But it's just the direction of the column , Is it possible to use the line direction SSE Do it , To be sure , Absolutely , But unless you're very patient , Think of all kinds of pack and unpack perhaps shuffle It's going to drive you crazy , And the final efficiency may not be as good as using ordinary ones directly C language .

So how to deal with it , I think you can think of transposition , exactly , After the data is transposed, the column direction is processed , And then transpose it back is equivalent to processing the row direction of the original data .

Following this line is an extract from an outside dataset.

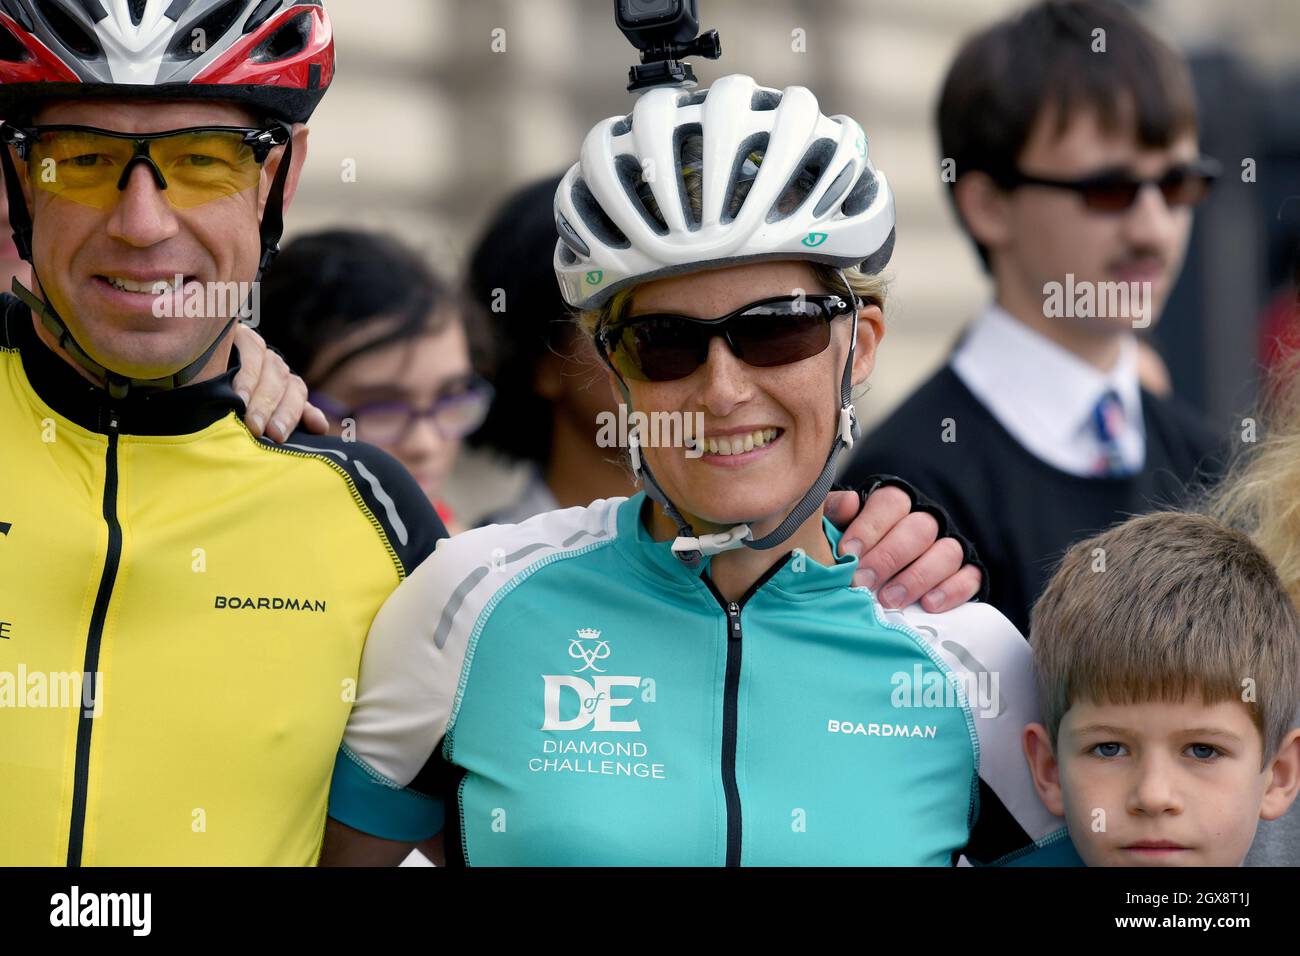 Sophie, Countess of Wessex smiles as she stands with her son, James, Viscount Severn after arriving at Buckingham Palace to complete her bike ride from Edinburgh to London in support of The Duke of Edinburgh's Award on September 25, 2016. Stock Photo

About transposition , It's always been a time-consuming process , But I transposed it SSE optimization （ support 8 position ,24 position ,32 position ）, increase speed 4-6 times
<http://www.cnblogs.com/Imageshop/p/6796485.html>
The use of SSE High speed transpose operation , Using it to realize the flow of this paper is very reliable .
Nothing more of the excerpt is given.